HOW TO COMPLETE THIS TASK: Write out exactly the lines below that run from the one containing "ITALY ITALIA BEIJING" through the one containing "Elverde Y Blanco", both included, with no other lines.

SOURCE DATA:
=====

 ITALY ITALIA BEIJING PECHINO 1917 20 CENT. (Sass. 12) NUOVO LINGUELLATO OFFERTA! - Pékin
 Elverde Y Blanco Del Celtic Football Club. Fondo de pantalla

=====

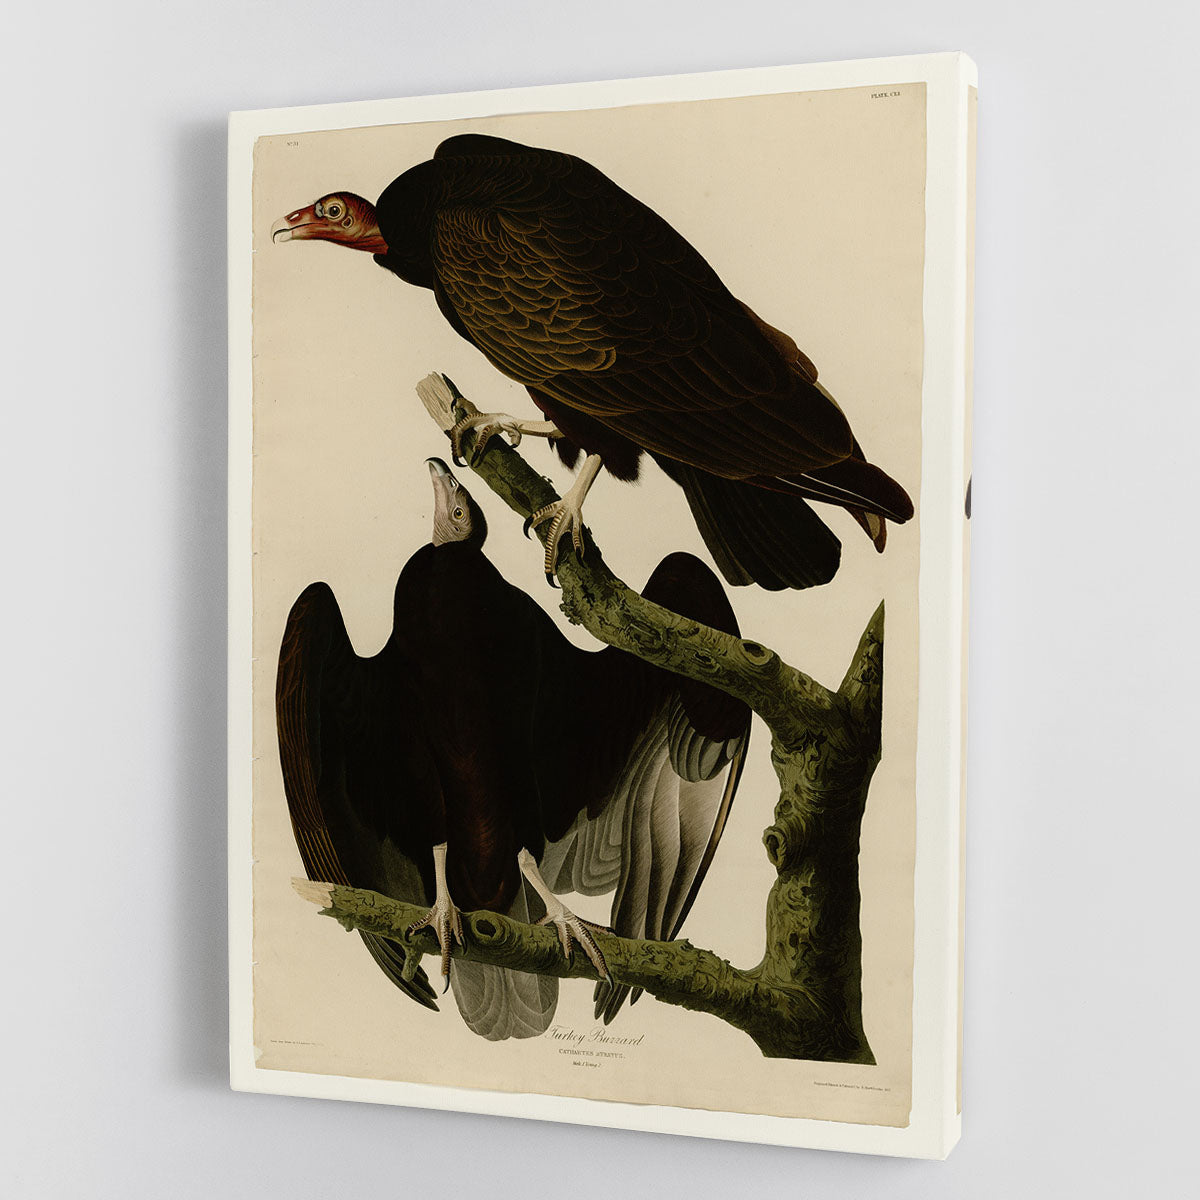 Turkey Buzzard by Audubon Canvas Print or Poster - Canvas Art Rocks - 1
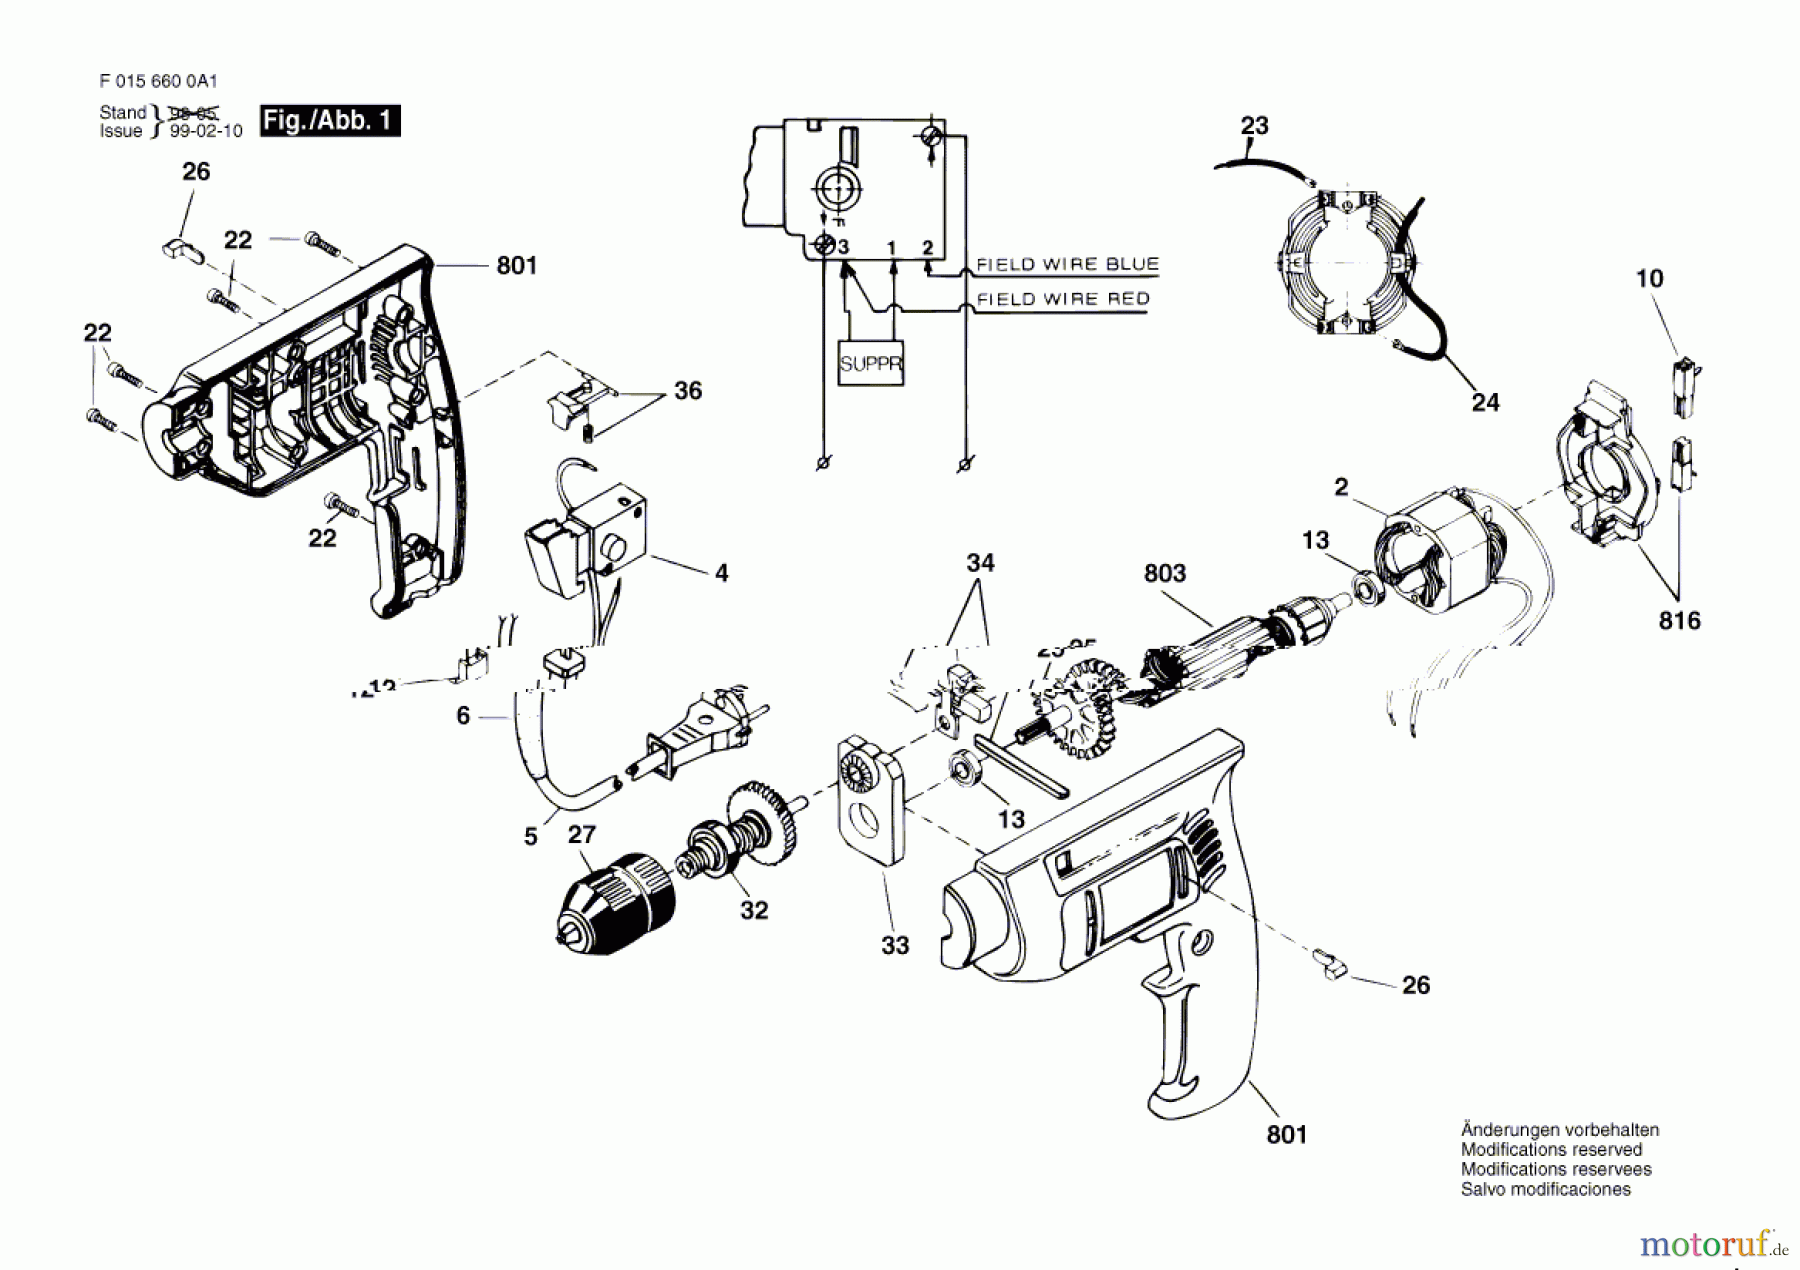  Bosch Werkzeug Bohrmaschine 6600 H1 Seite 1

=====

RESPONSE TO THE TASK:
 ITALY ITALIA BEIJING PECHINO 1917 20 CENT. (Sass. 12) NUOVO LINGUELLATO OFFERTA! - Pékin
 Elverde Y Blanco Del Celtic Football Club. Fondo de pantalla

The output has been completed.